There’s a lot of hype going around social media surrounding OpenAI’s final announcement of its “12 Days of OpenAI” extravaganza. Following the release of o1, codenamed strawberry, earlier this year, they have now announced o3. (o2 was not immediately available for comment)
Here’s arguably the most important tweet regarding o3, from an AI researcher who designed one of the best known dataset/tasks meant to measure true reasoning ability:
Today OpenAI announced o3, its next-gen reasoning model. We've worked with OpenAI to test it on ARC-AGI, and we believe it represents a significant breakthrough in getting AI to adapt to novel tasks.
— François Chollet (@fchollet) December 20, 2024
It scores 75.7% on the semi-private eval in low-compute mode (for $20 per task… pic.twitter.com/ESQ9CNVCEA
This is a big milestone within AI research, but it has also led to some hyperbole:
Straight facts. Let that sink in.
— Chubby♨️ (@kimmonismus) December 21, 2024
1) there is no wall
2) AGI is here, next step ASI
3) exponential development is real
4) we are still accelerating
5) no end in sight
6) from o1 to o3 was 3 months! https://t.co/yLcHIy4lL9 pic.twitter.com/bBMMjq3jCp
As well as some ridiculous nonsense:
If you are a software engineer who’s three years into your career: quit now. there is not a single job in CS anymore. it's over. this field won't exist in 1.5 years.

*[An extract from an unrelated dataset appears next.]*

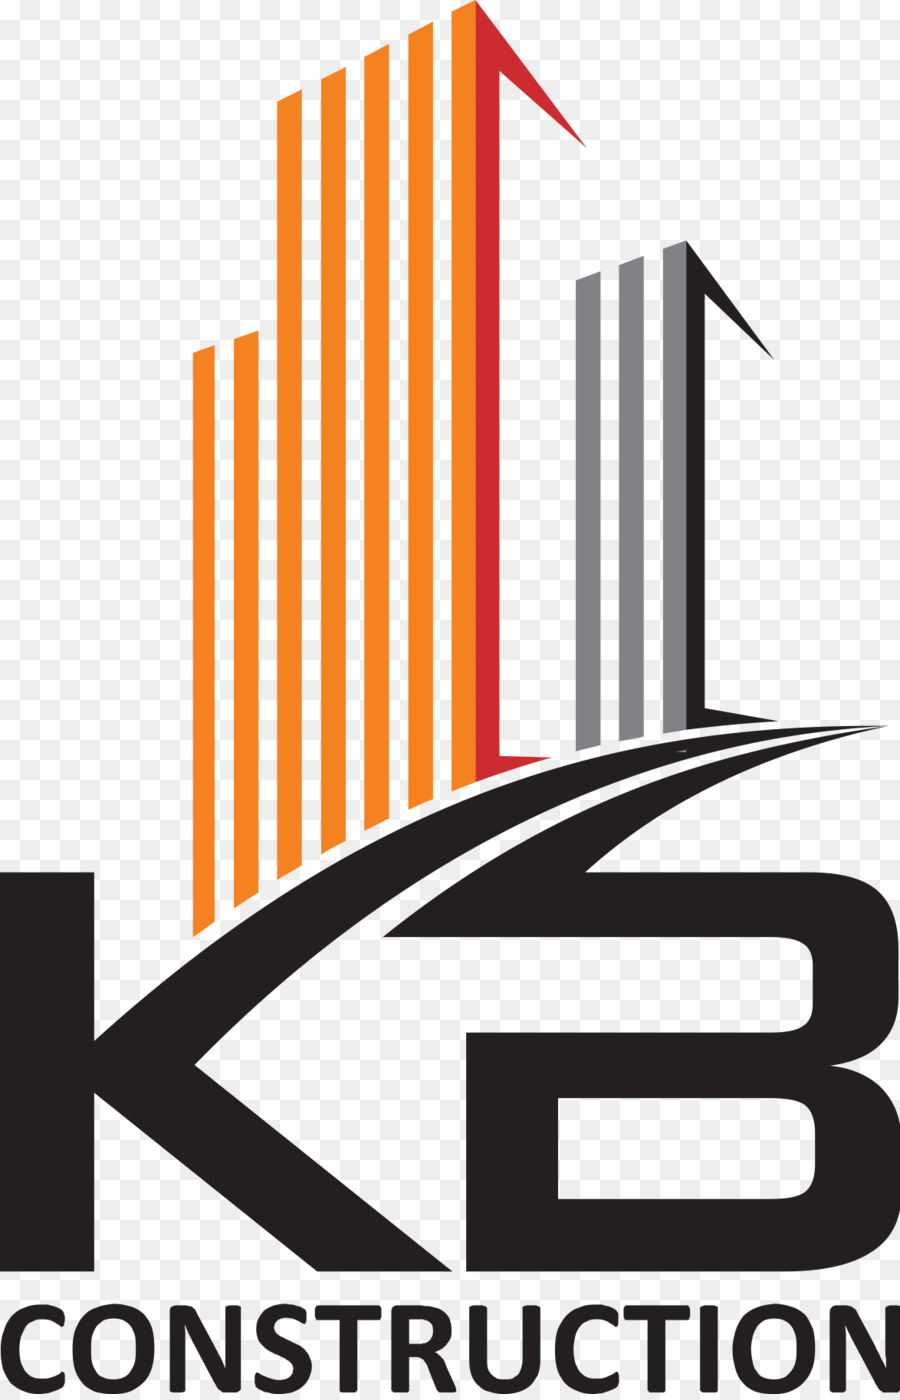 Logo-Grafik-design-Architektur-engineering - Bau

— null (@nullpointered) December 19, 2024
But there are those who have pushed back on the hype:

How to achieve AGI in 2024:
— Andriy Burkov (@burkov) December 20, 2024
1. Define a benchmark with puzzles and call it "The AGI Testing Benchmark."
2. Fine-tune a VLM to solve these puzzles.
3. Declare the AGI achievement.
We still don’t know exactly how o1/o3 work, but most assume it’s a form of search combined with GPT-4.5 LLM(s). Inference costs to solve the most challenging problems are quite high ($1,000+).
Ultimately, my opinion is that while this is a big step forward for AI, we still have a long way to go to get to true AGI. I’ve believed for years now that more advanced inference algorithms would be necessary to get closer to human-level intelligence, and this appears to be one successful way of using more test-time compute to solve tougher problems. Progress will continue, but my guess is that we are still a decade or so away from genuine human-level intelligence.